**Data listing**
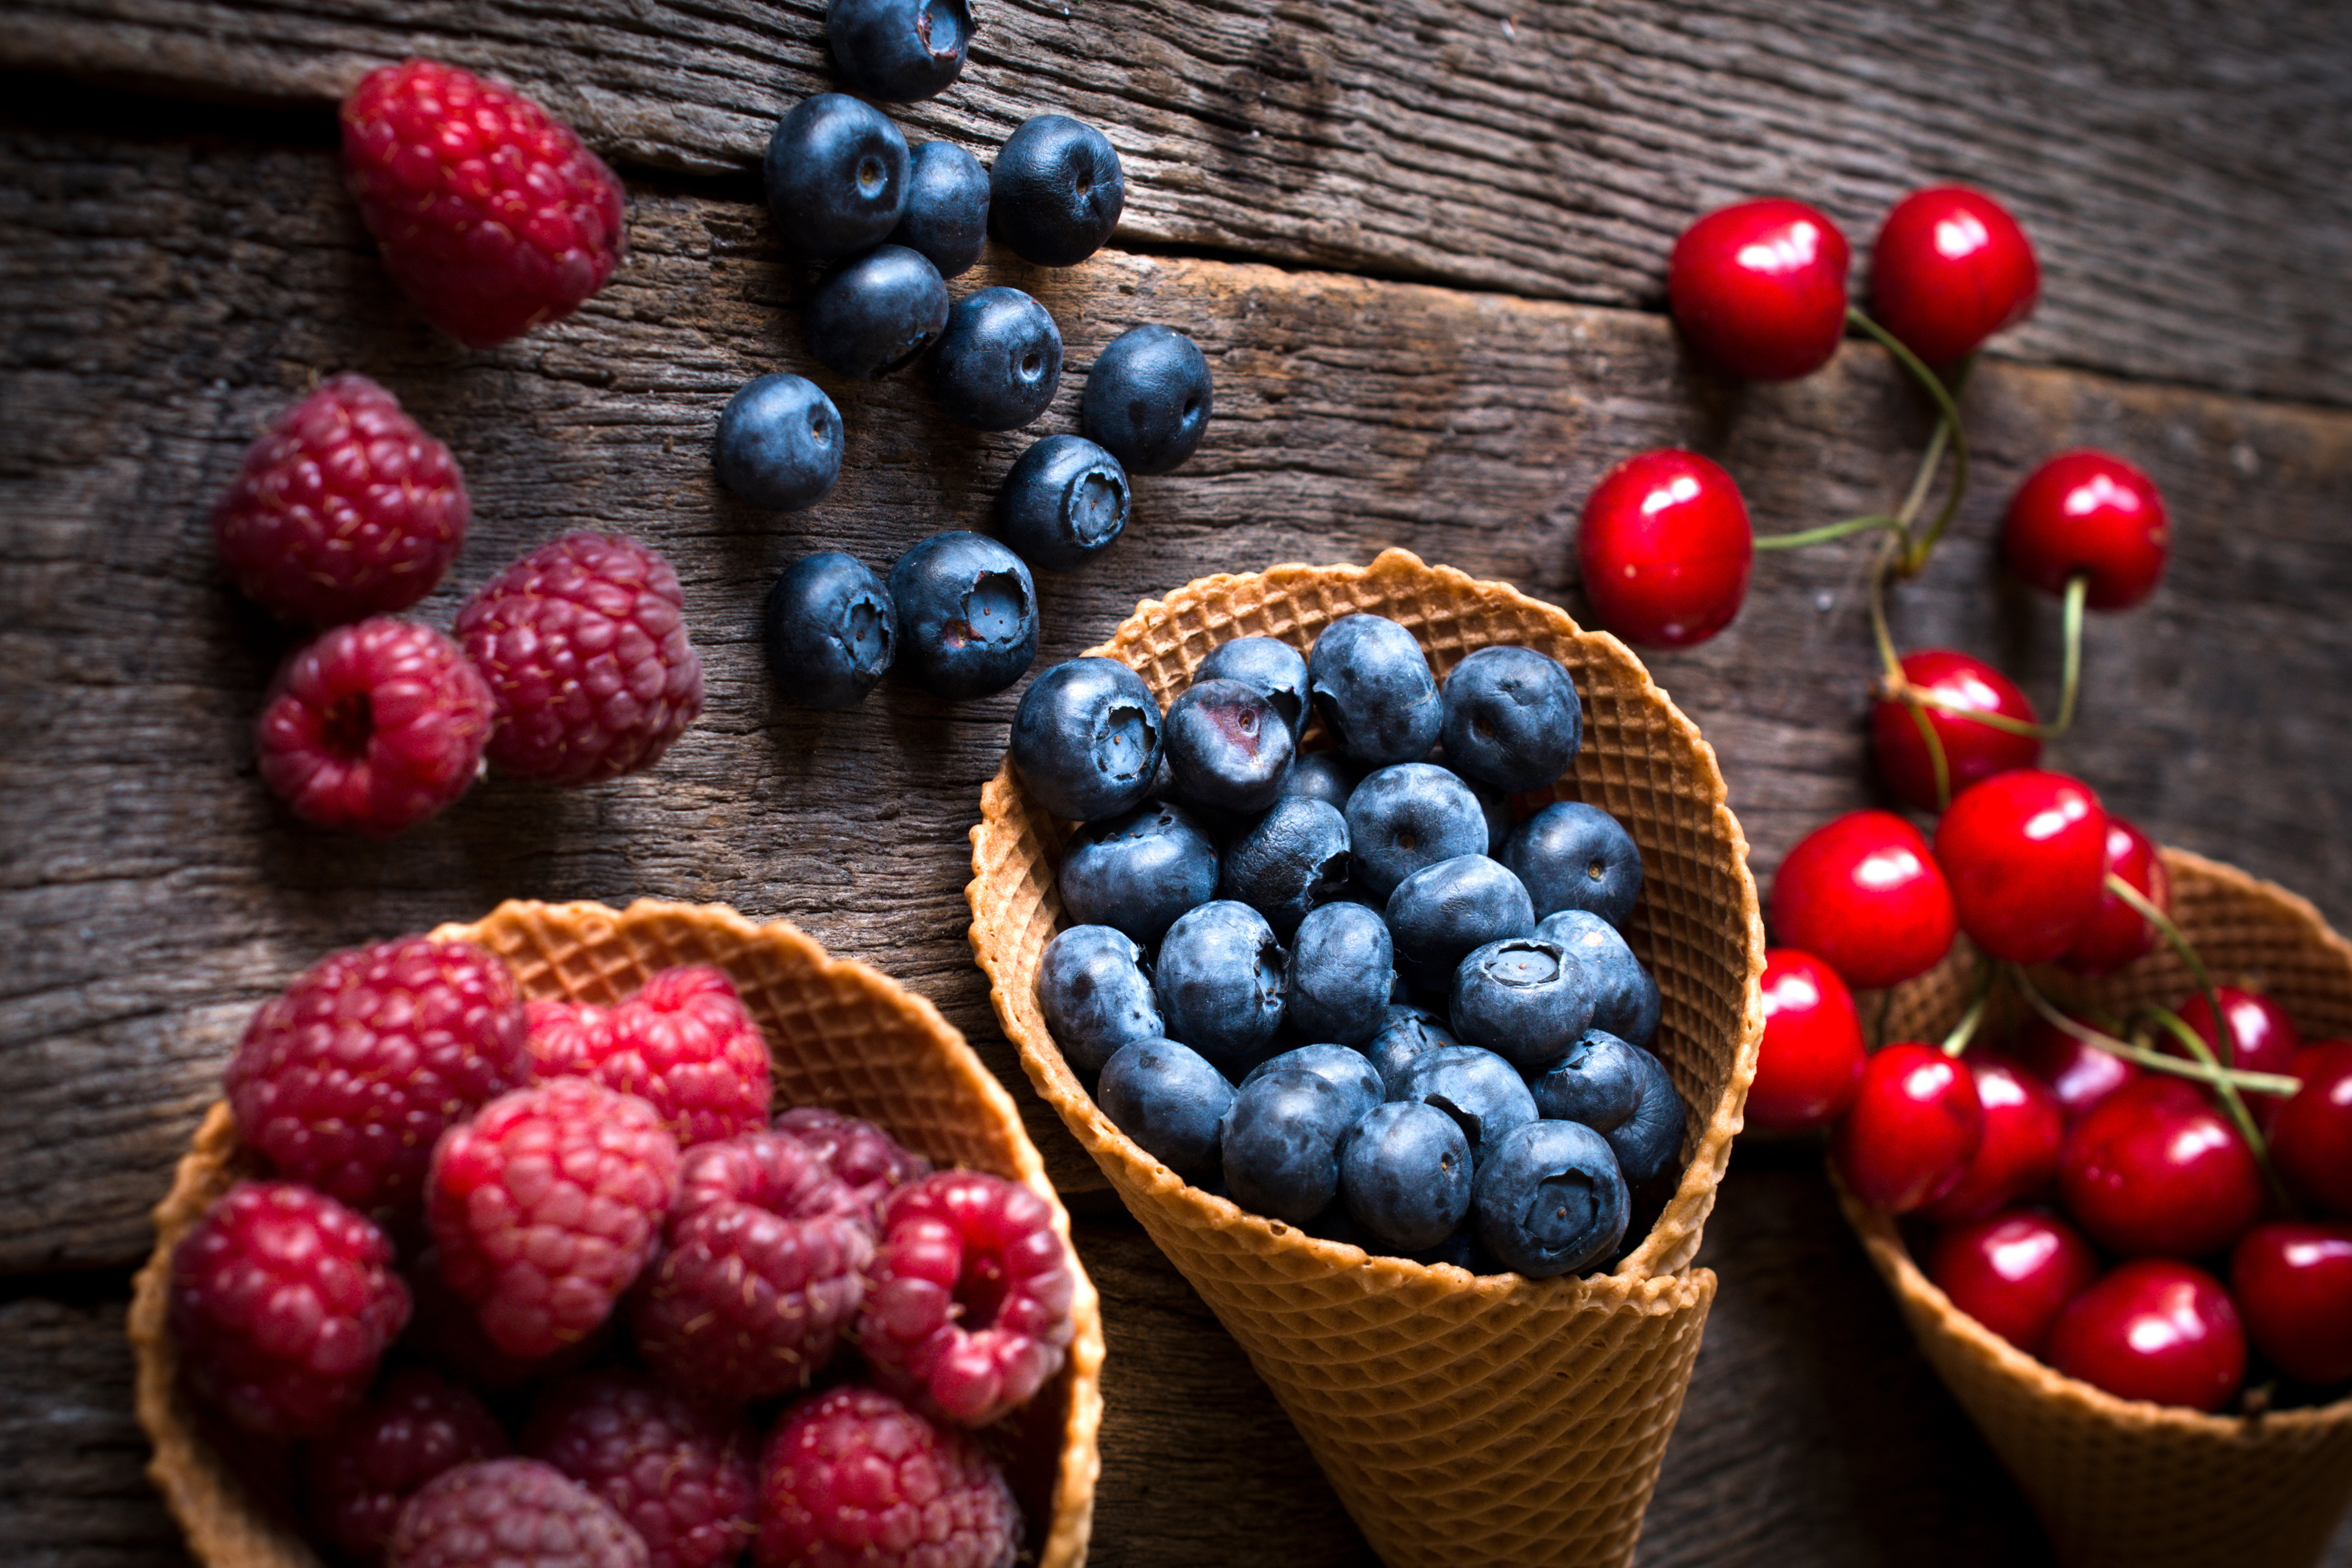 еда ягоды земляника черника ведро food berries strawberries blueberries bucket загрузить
---
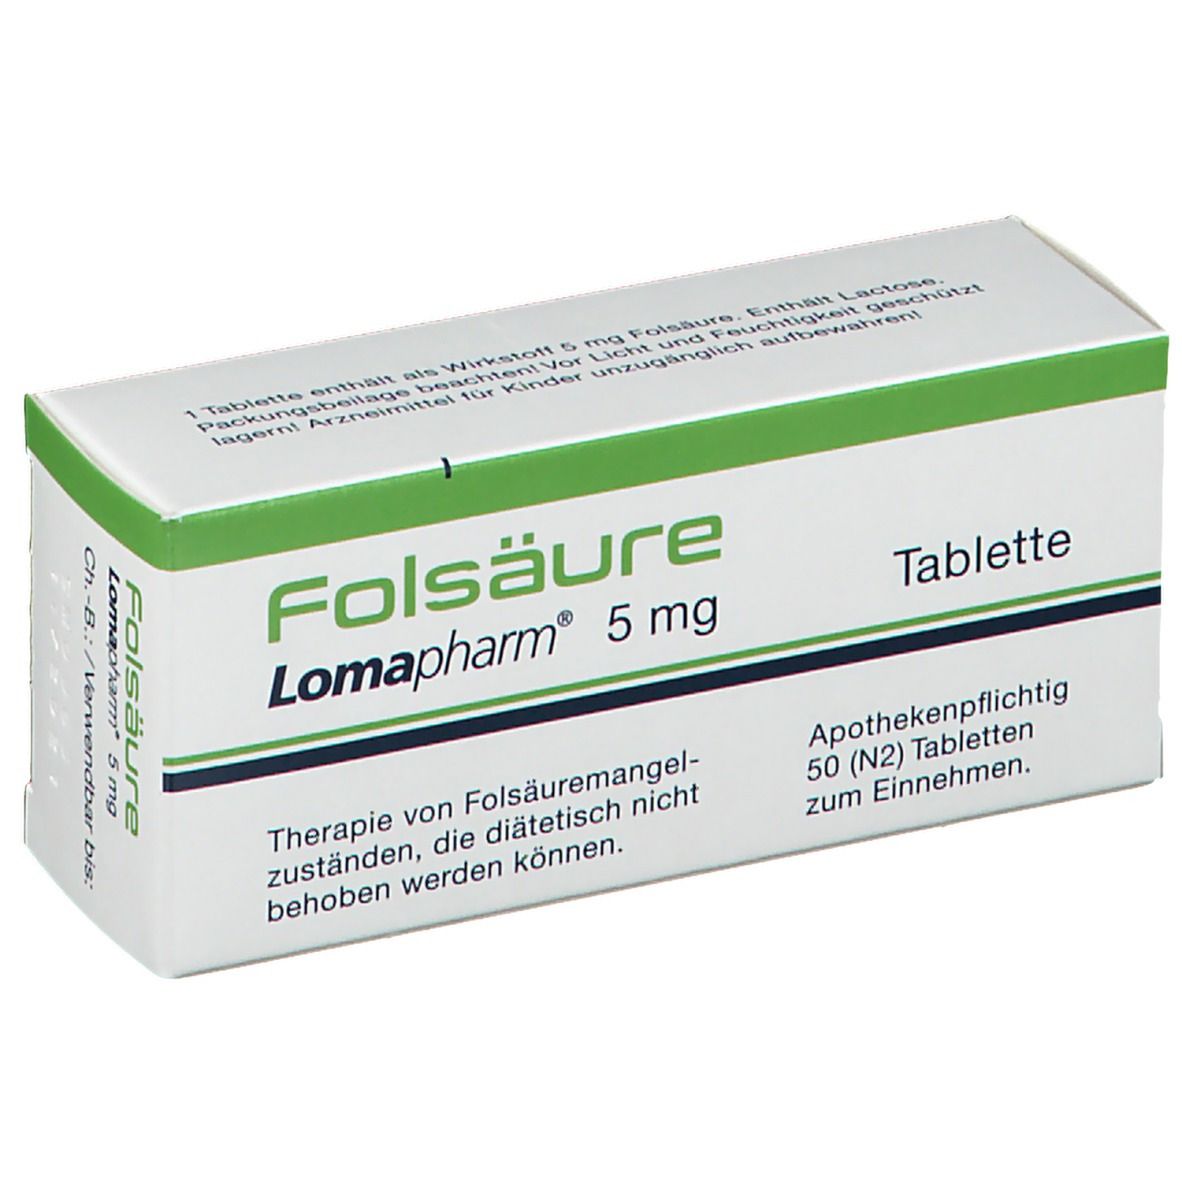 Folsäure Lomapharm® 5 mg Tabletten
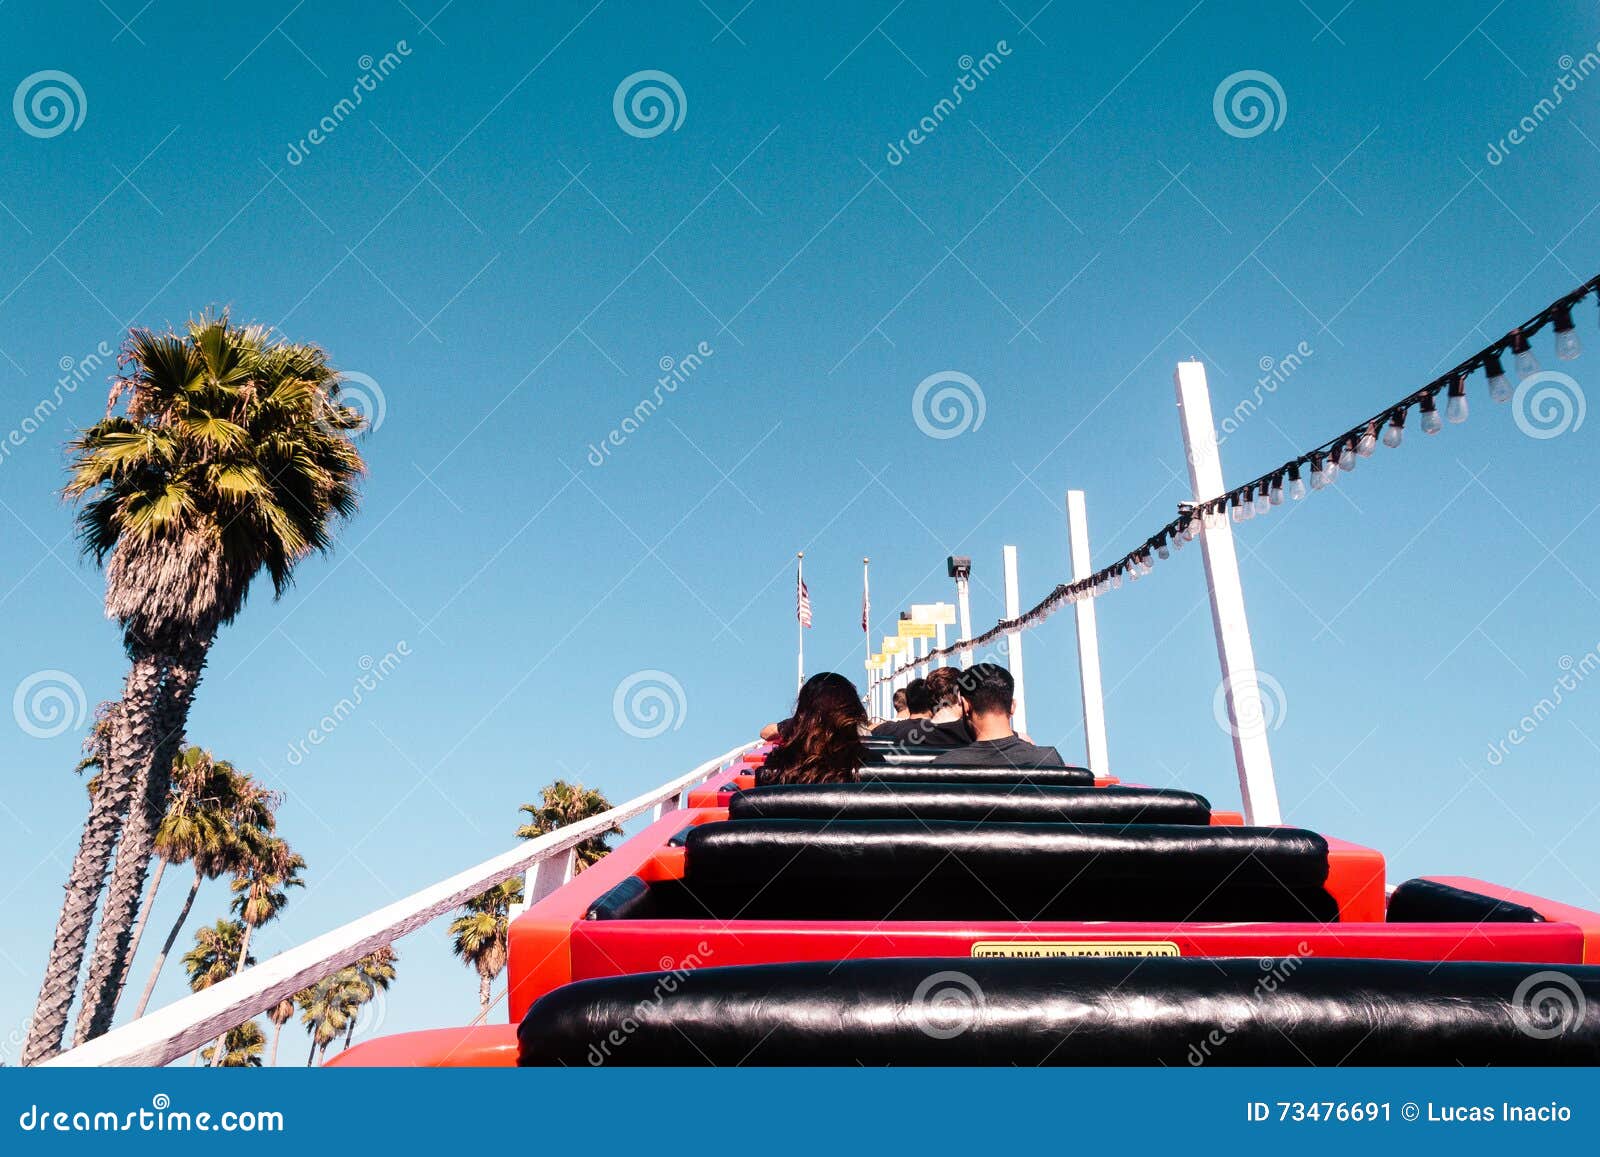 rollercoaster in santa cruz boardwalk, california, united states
==
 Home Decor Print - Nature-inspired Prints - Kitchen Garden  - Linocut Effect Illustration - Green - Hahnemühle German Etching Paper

**Try it**
Copy only these lines from the records above, exactly: the one with "Folsäure Lomapharm® 5 mg Tabletten", the one with "rollercoaster in santa", and those between. Skip the pictures.

**Output below**
 Folsäure Lomapharm® 5 mg Tabletten
 rollercoaster in santa cruz boardwalk, california, united states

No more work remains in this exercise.